The framework was scaffolding for human limitations. When those limitations aren't the binding constraint anymore, the scaffolding just gets in the way.
So what does "back to basics" look like when the basics have evolved?
This is why I keep coming back to the Cloudflare stack. It's not nostalgia for simpler times. It's that Cloudflare built primitives for the modern web—and primitives are exactly what you want when framework overhead stops paying for itself.
- Workers: A function that takes a request and returns a response. That's it. That's the primitive. No framework opinions about routing or middleware or lifecycle hooks—just the fundamental unit of web interaction, deployed globally.
- D1: SQLite. The minimum viable relational database. Not Postgres with its hundred configuration options, not an ORM abstracting away the queries—just SQL, the actual language, against a file that happens to be distributed.

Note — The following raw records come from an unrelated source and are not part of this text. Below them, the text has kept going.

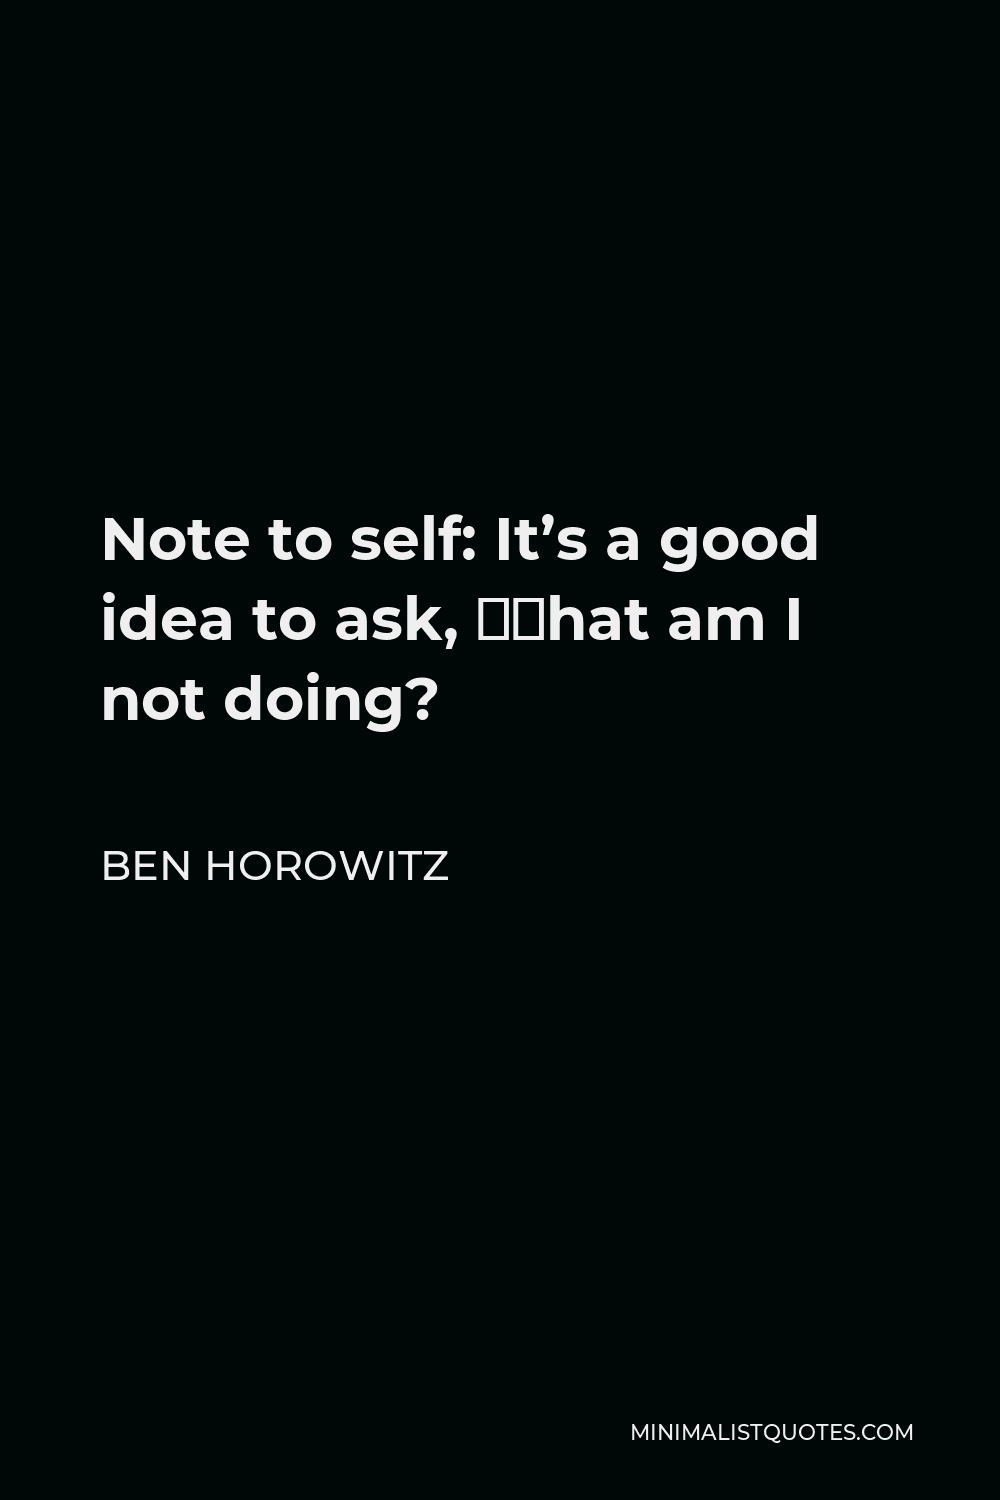 Ben Horowitz Quote - Note to self: It’s a good idea to ask, “What am I not doing?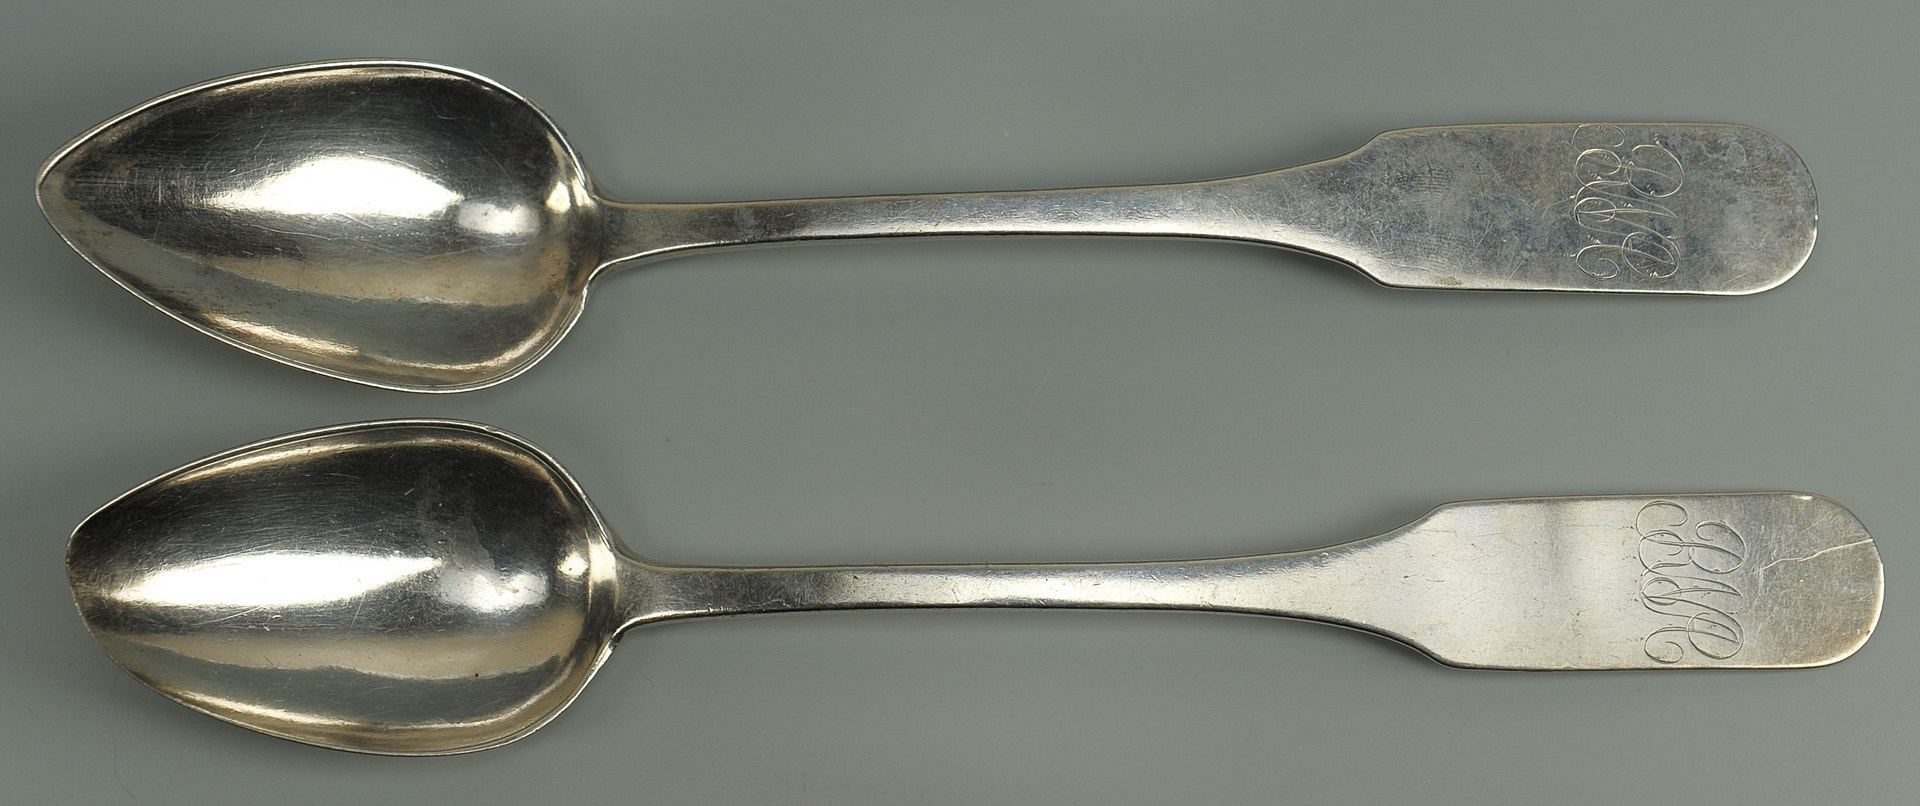 Lot 42: Two Nashville coin silver spoons, E. Raworth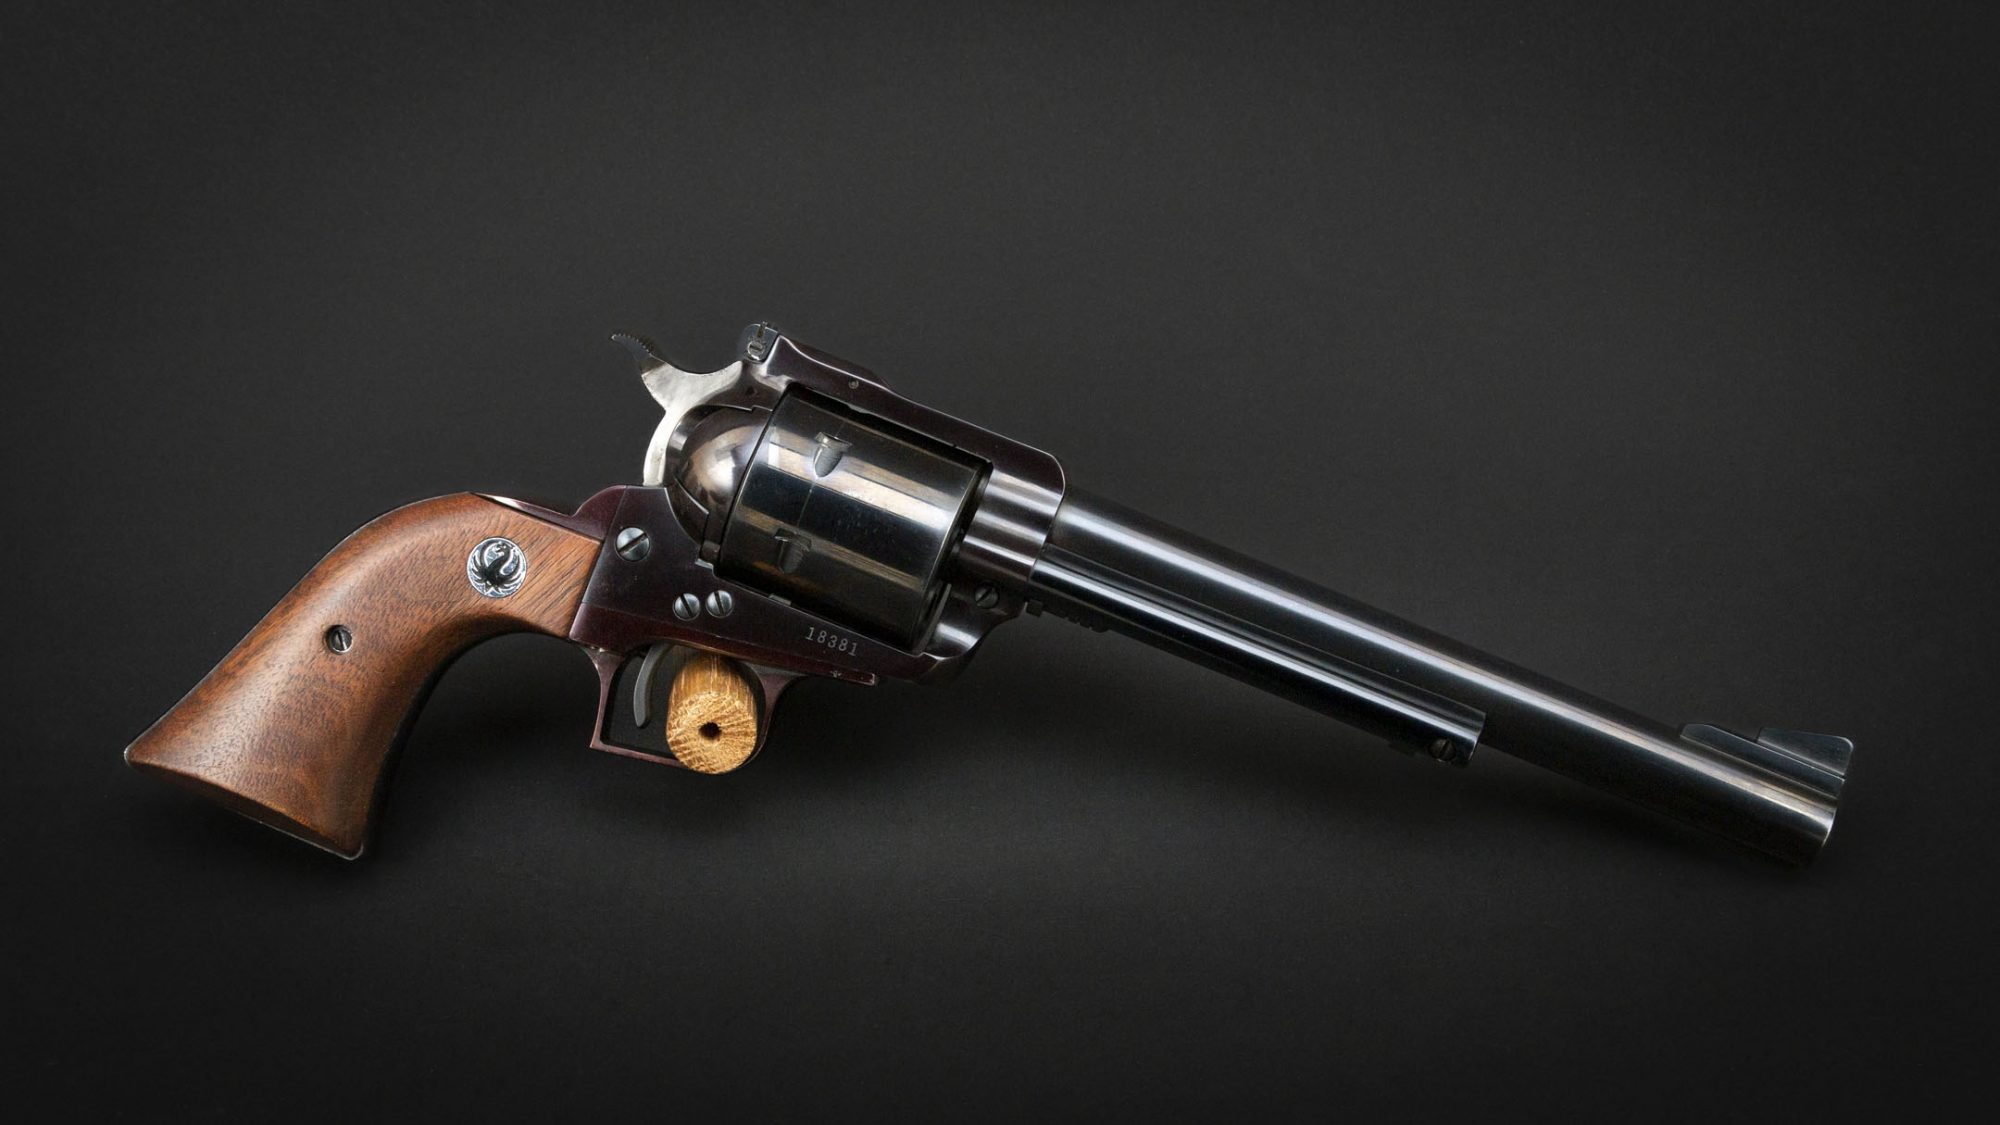 Ruger Super Blackhawk chambered in .44 Magnum, for sale by Turnbull Restoration Co. of Bloomfield, NY

- KV: Key-value storage. Get a thing by its key. Put a thing at a key. Global, fast, simple. The data structure every programmer understands on day one.
- R2: Files. Bytes with names. Not a "blob storage abstraction layer"—just files, like you'd have on a filesystem, but available everywhere.
This is what primitives look like in 2026. Not a return to 2003, but the same philosophy: give me the building blocks, not the building. Let me compose them into exactly what I need. Don't hide the reality behind six layers of abstraction.
The irony is that my "backwards" path—primitives first, reluctantly upward—is becoming the forwards path.
Not because everyone will have ADHD forcing them toward simplicity. But because AI collaboration rewards the same things my constraints forced me toward: transparency over abstraction, explicit over implicit, code that can be understood by reading it rather than by knowing the framework's conventions.
Framework-brained developers will struggle with this transition. Not because they're less capable, but because their entire way of reasoning assumes the framework floor. Learning to think below it is genuinely hard when you've never had to.
But the ones who can ask "could this be a static page?"—who can think in primitives, who know what they're trading when they reach for abstraction—they're going to build things that actually last.
What's the simplest thing that could work?
Most developers don't know to ask. The ones who do will build things that last.